> Problem requirements
Reproduce the listing in its entirety. Do not reproduce the pictures.

> Information provided
○ ○ ○

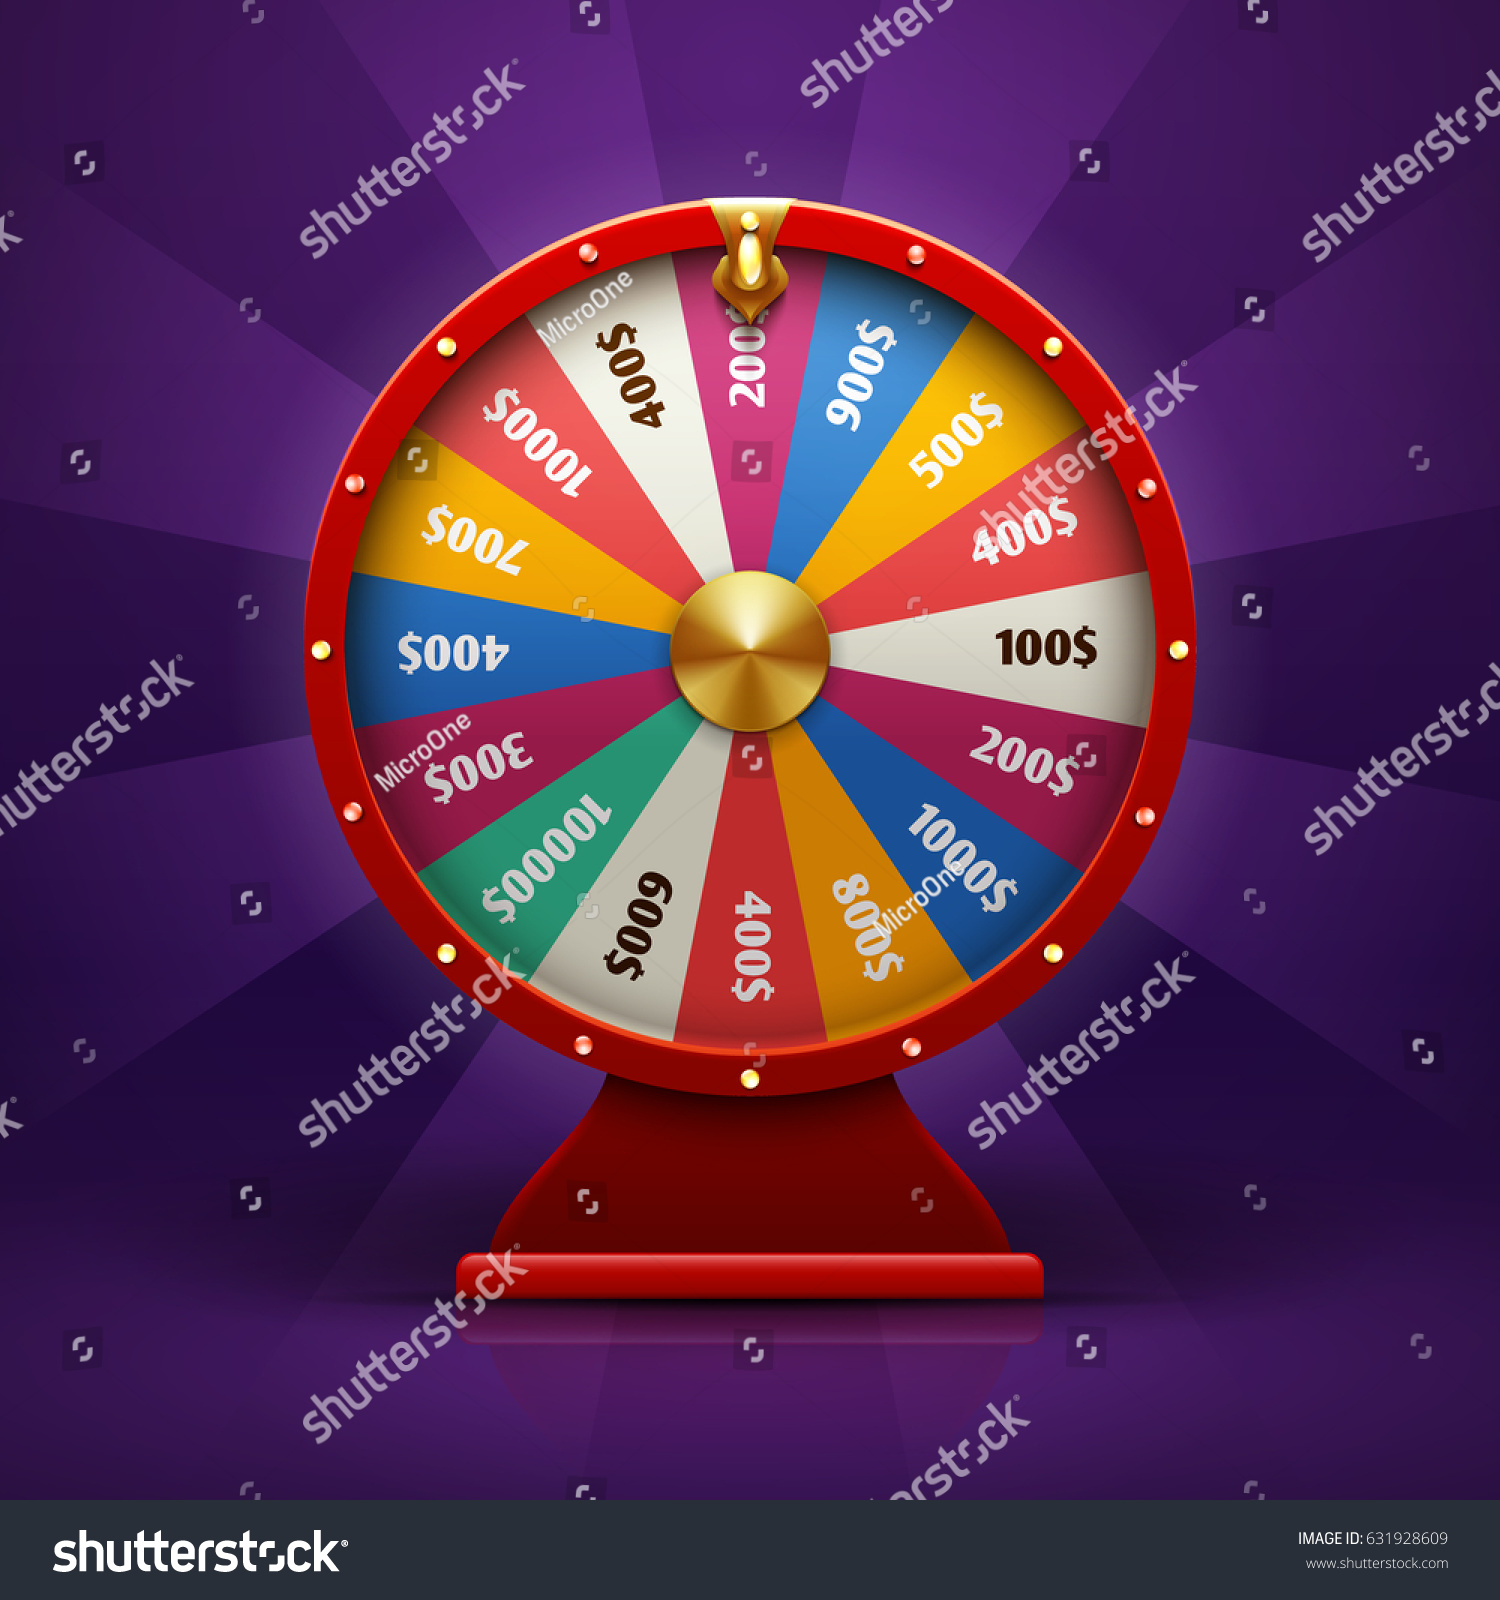 Realistic 3d Spinning Fortune Wheel Lucky Stock Vector 631928609 - Shutterstock1500 x 1600
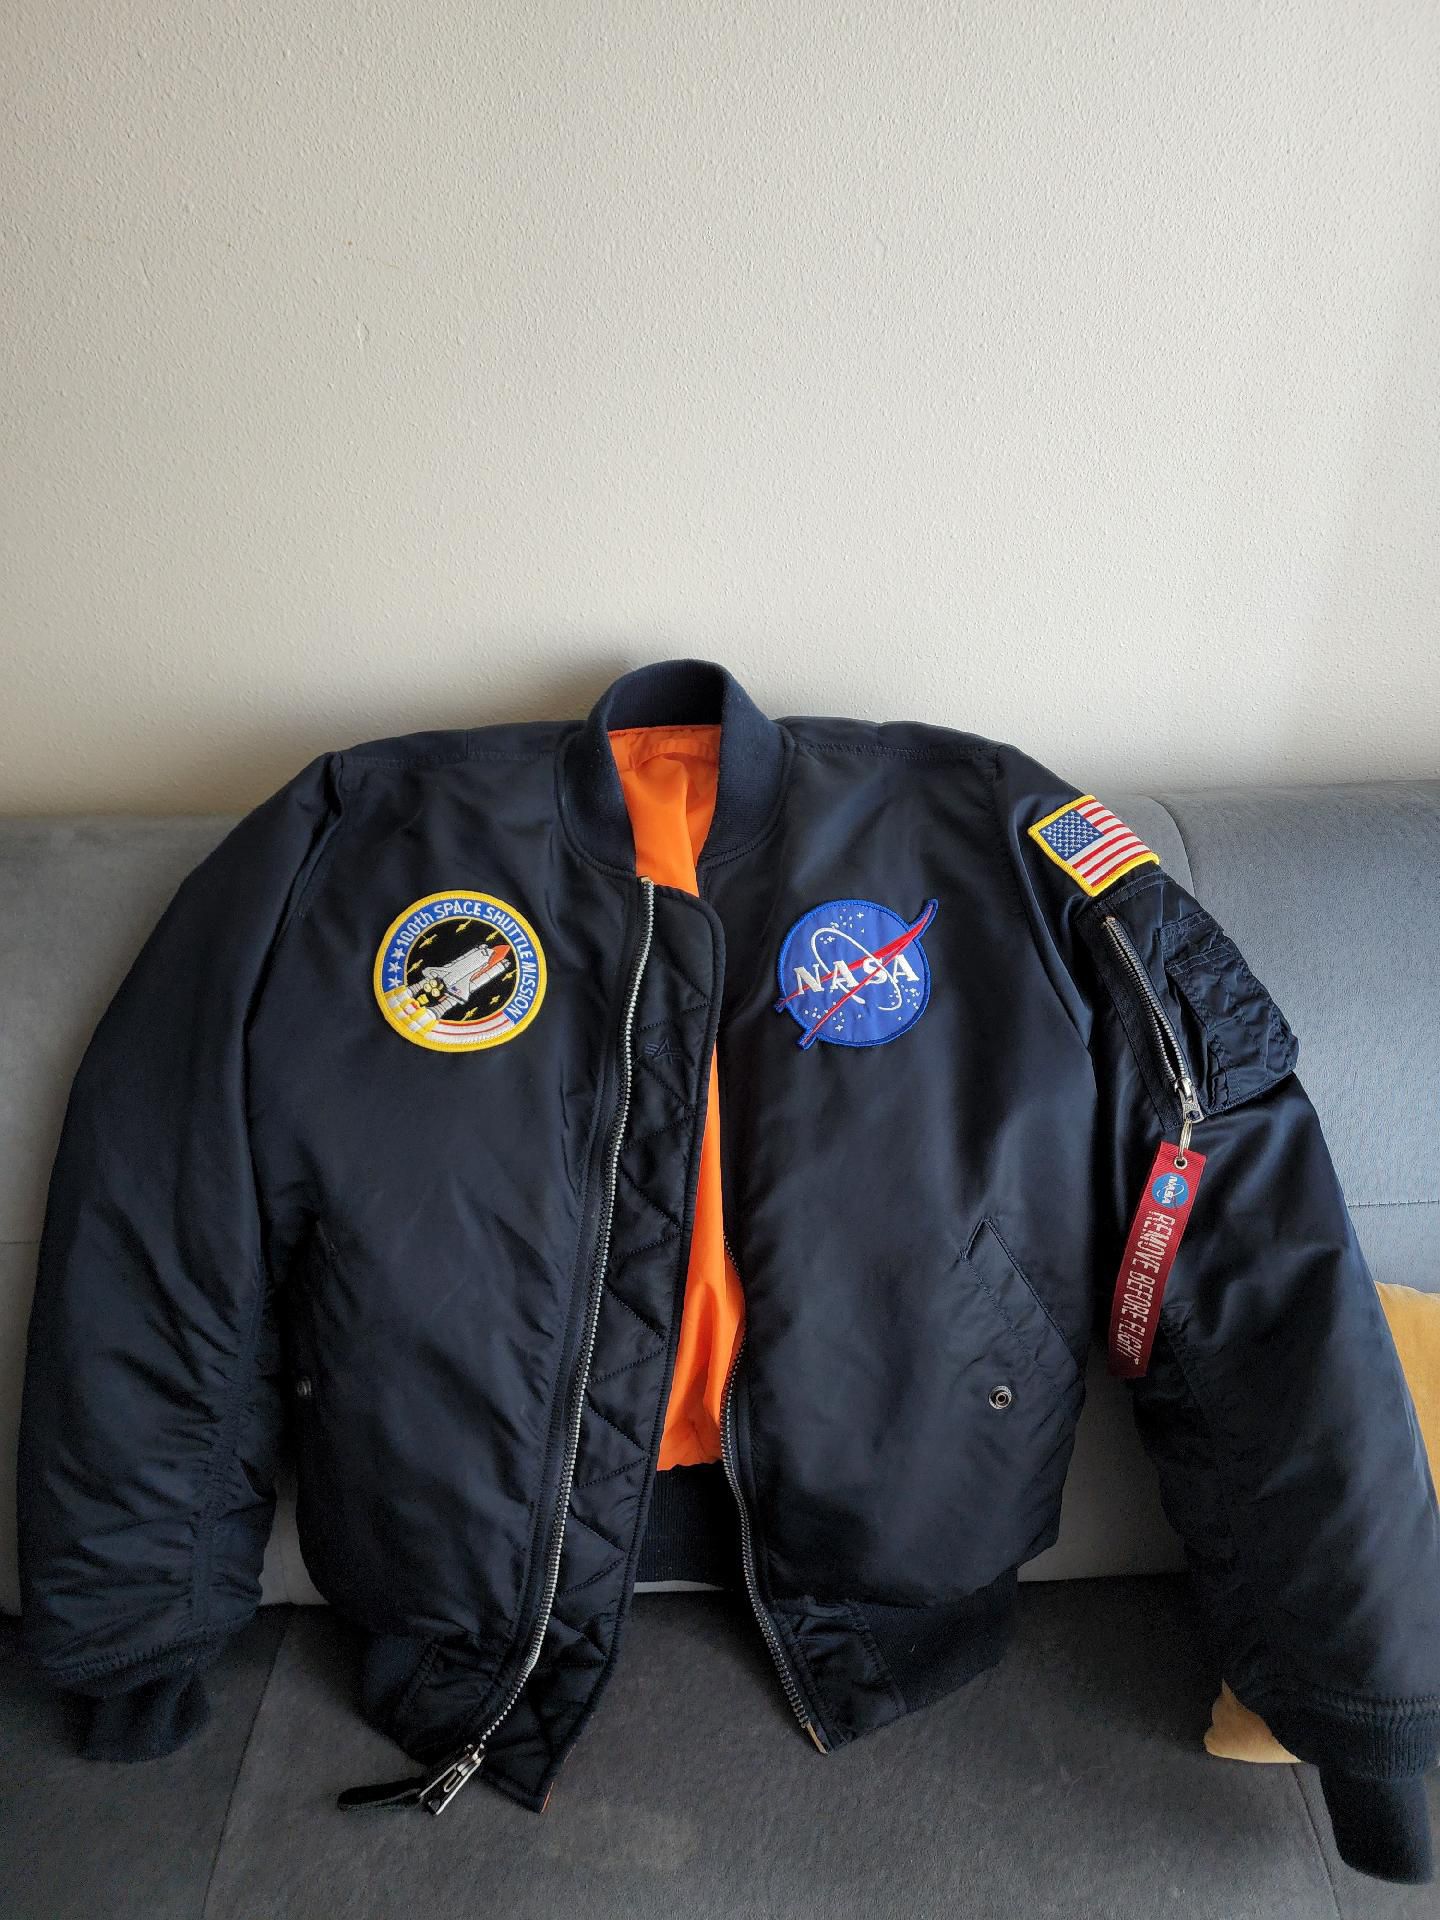 NASA Space 100th Space Shuttle Mission Bomber Jacket Size M Navy Blue
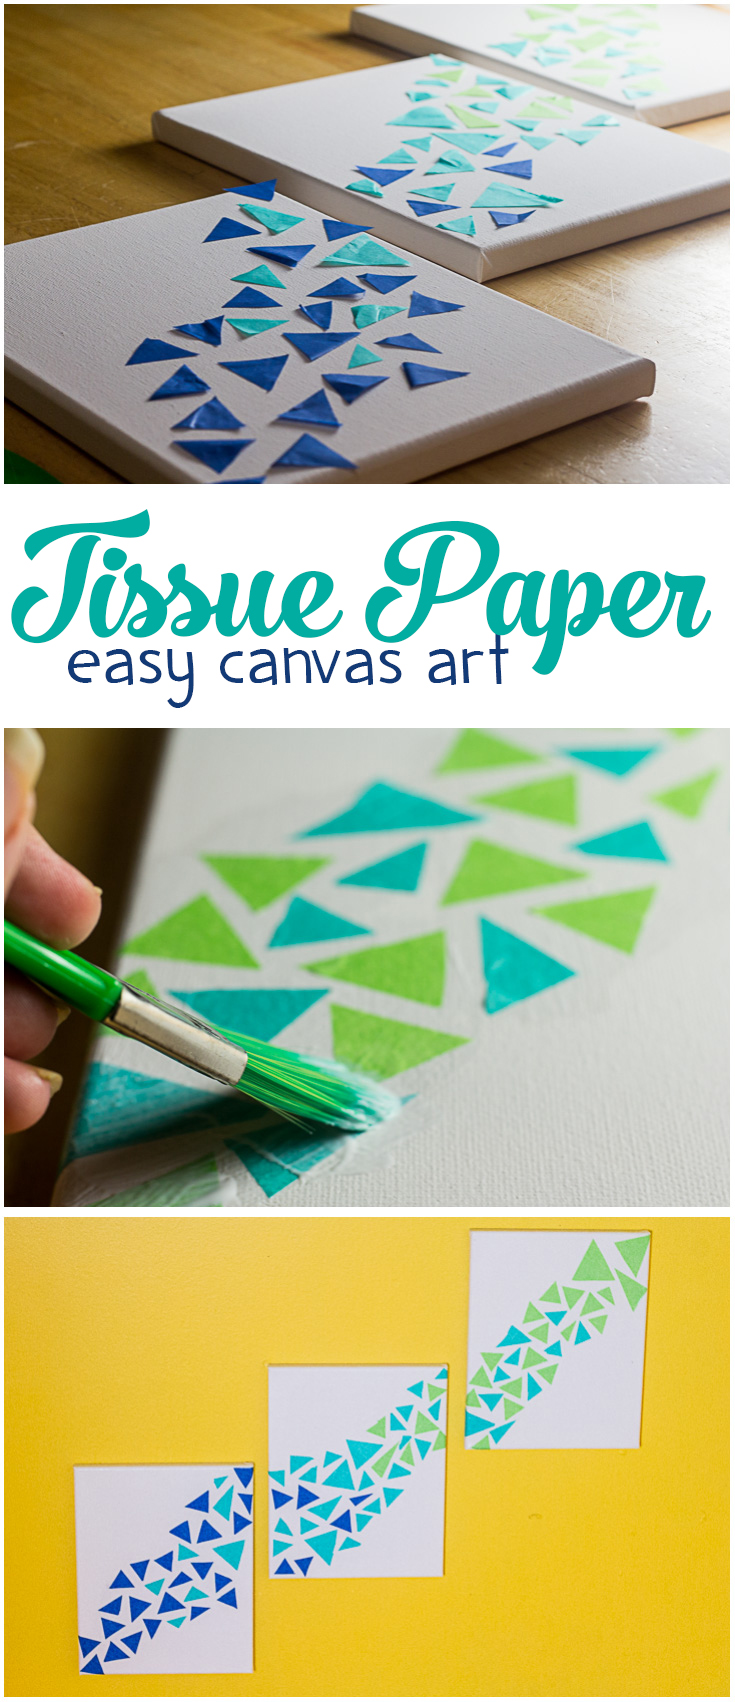 This tissue paper canvas art is so easy! Looking for the perfect mermaid scale artwork or easy craft project for you or your teen? This one takes less than an hour to make, is beautiful, and even makes a perfect gift! | DIY canvas art | tissue paper craft | easy craft for adults | easy teen craft |
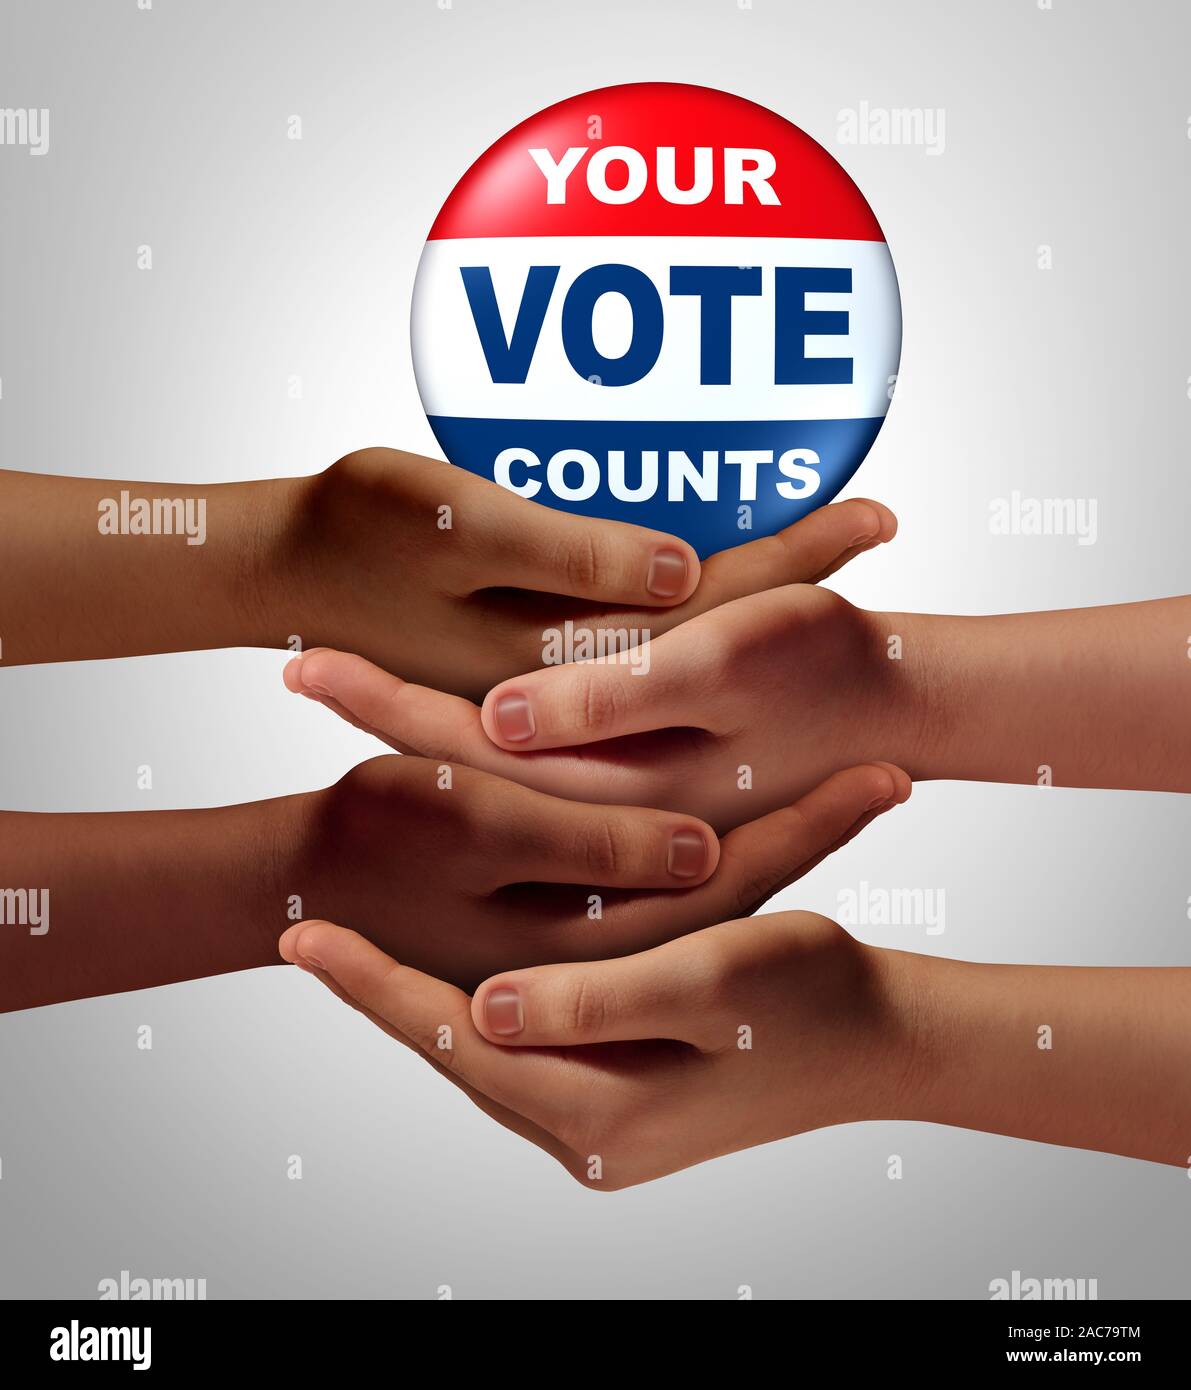 Citizen vote and voters or voting citizens during an election for president or prime minister and senate as a democracy and democratic. Stock Photo

○ ○ ○

> Solution
 Realistic 3d Spinning Fortune Wheel Lucky Stock Vector 631928609 - Shutterstock1500 x 1600
 NASA Space 100th Space Shuttle Mission Bomber Jacket Size M Navy Blue
 This tissue paper canvas art is so easy! Looking for the perfect mermaid scale artwork or easy craft project for you or your teen? This one takes less than an hour to make, is beautiful, and even makes a perfect gift! | DIY canvas art | tissue paper craft | easy craft for adults | easy teen craft |
 Citizen vote and voters or voting citizens during an election for president or prime minister and senate as a democracy and democratic. Stock Photo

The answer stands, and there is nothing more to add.